La Tete de Normande St-Onge
There is no project scheduled for shooting this winter except for Gille Carle’s next feature — La Téte de Normande St-Onge from a script by Carle and actress Carole Laure. Five days of shooting that required a fall setting are already in the can, but the other 35 days are postponed until sufficient backing is confirmed. Produced by Pierre Lamy for Les Productions Carle-Lamy the film received an approval from the CFDC. Roger Frappier (director of L’Infonie Inachevée) is assistant director and Francois Protat (DOP on Les Ordres) is director of photography.
The film centers around the character of Normande St-Onge (played by Carole Laure) living in the neighbourhood of the newly erected Place Radio-Canada on the East side of Montréal. She is working in a drugstore and, at times, modelling for a necrophiliac sculptor who lives in the same apartment building. It is a strange surrounding: the tenants are a lot of students mixed with older people who never left their cheap rented flats. Normande tries to bring her mother to live with her but she can’t convince the direction of the asylum where she was interned on a wrong testimony.
Mustang
Marcel Lefebvre completed Mustang, his first feature produced by Pierre David for Les Productions Mutuelles. Described as an action film, it was shot during the Festival Western in St-Tite from September 6 to October 5. From a script by Lefebvre (no connection with Jean-Pierre) in collaboration with Gilles Gauthier and Jean Salvy the film stars Luce Guilbeault, Willie Lamothe, Claude Blanchard, Albert Millaire, Nanette Workman, Jack Beaucholte, Muriel Millard, Andrée Pelletier, Catherine Blanche and Bobby Hachey. The CFDC invested for one third of the 300,000 dollar budget.
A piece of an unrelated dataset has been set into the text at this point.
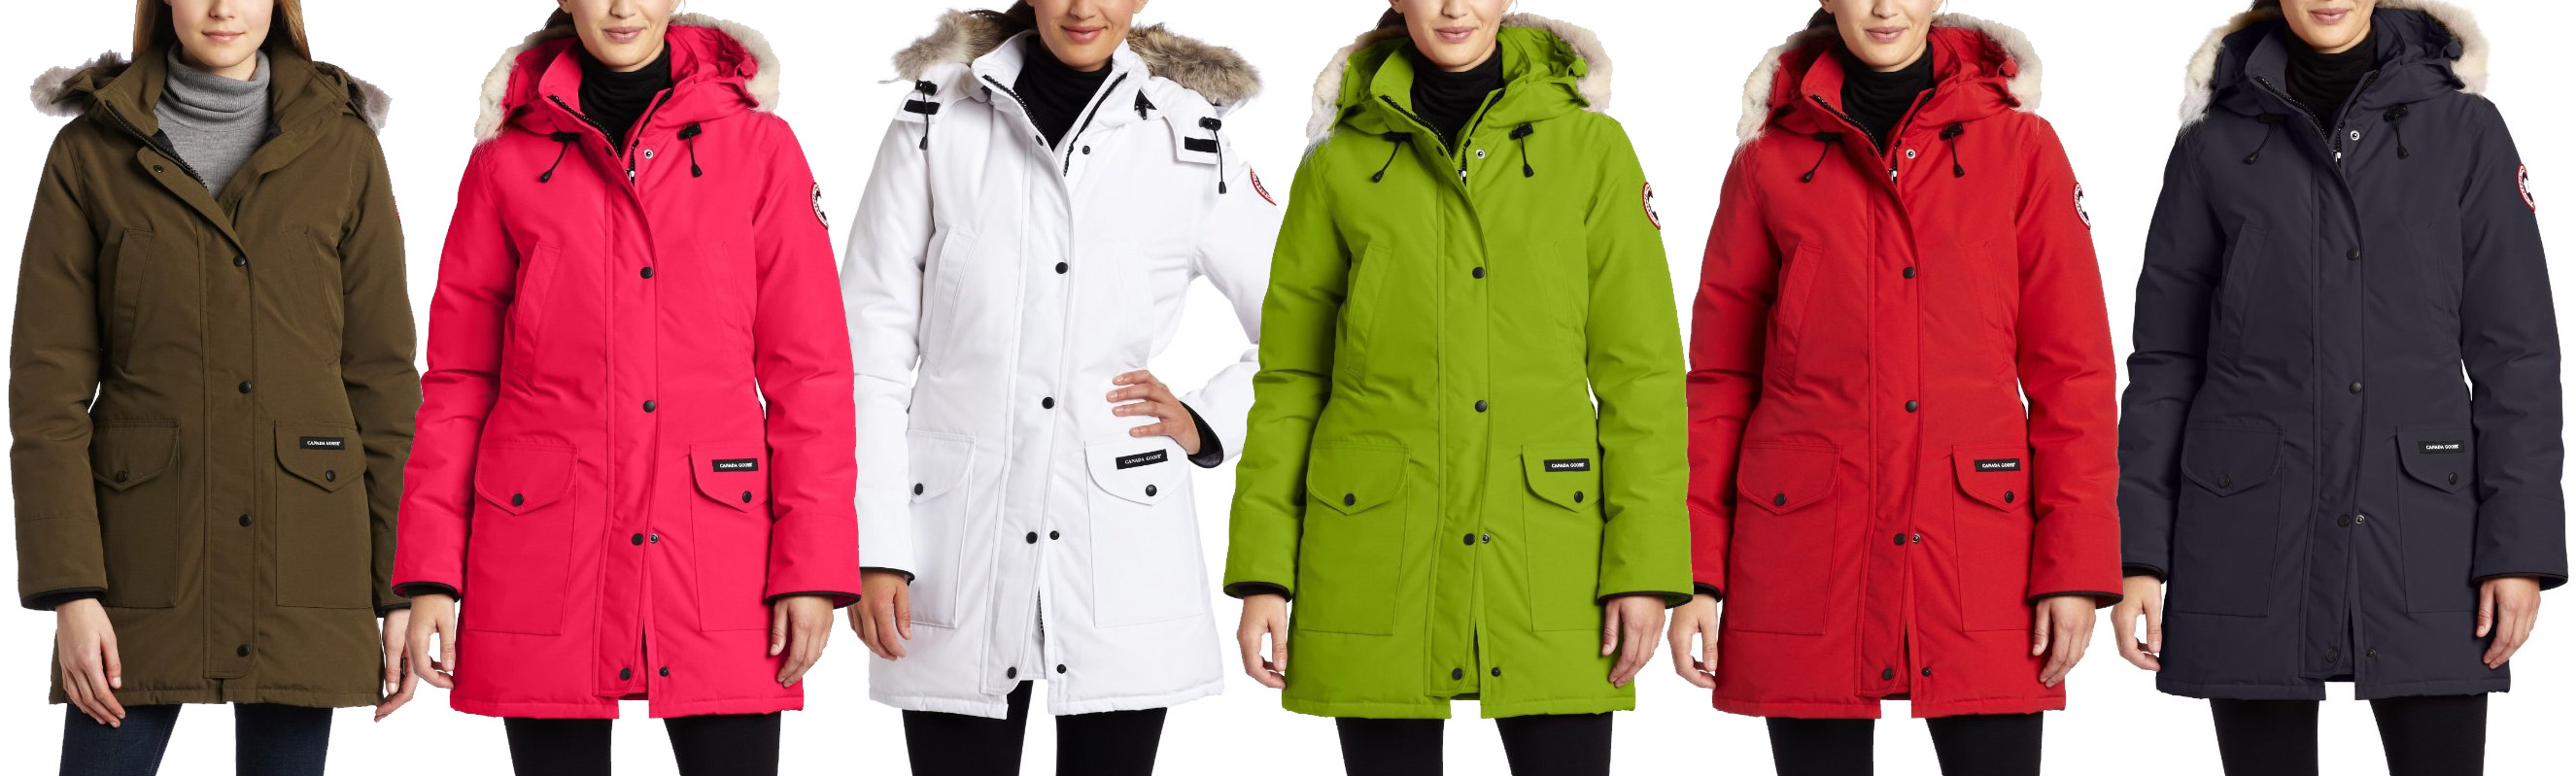 Canada Goose kids outlet shop - Canada Goose Trillium Parka best winter Parka? - My Fashion Wants

René Verzier: director of photography. Jean-Claude Labrecque: Second Unit DOP. Jean-Claude Lord (director of Les Colombes and Bingo) Production Consultant. Distribution and world sales are to be handled by Les Films Mutuels.
32 Cinema Canada
Gina Denys Arcand is currently editing . . . refer to Issue No. 16 for details.
La Piastre
_ Alain Chartrand shot La Piastre at Association Coopérative des
Productions Audio-visuelles (ACPAV) and Yves Dion (editor on Les Ordres) is currently editing the 16mm feature to be blown up to 35mm for theatre release. The film stars Claude Gauthier (Les Ordres), Pierre Thériault (Réjeanne Padovani), Patricia Nolin, Paule Baillargeon (Montréal Blues and Gina), Michéle Magny (La Chambre Blanche), Han Masson and Rachel Cailher (Les Maudits Sauvages). The film is from a script from Chartrand and Diane Cailher and is a reflection on life in the upper middle class which lives in the suburbs of Montréal.
Sound: Claude Beaugrand. Director of photography: Francois Beauchemin. No distribution agreements are settled yet. Producer: Marc Daigle for ACPAV with the financial assistance of the CFDC.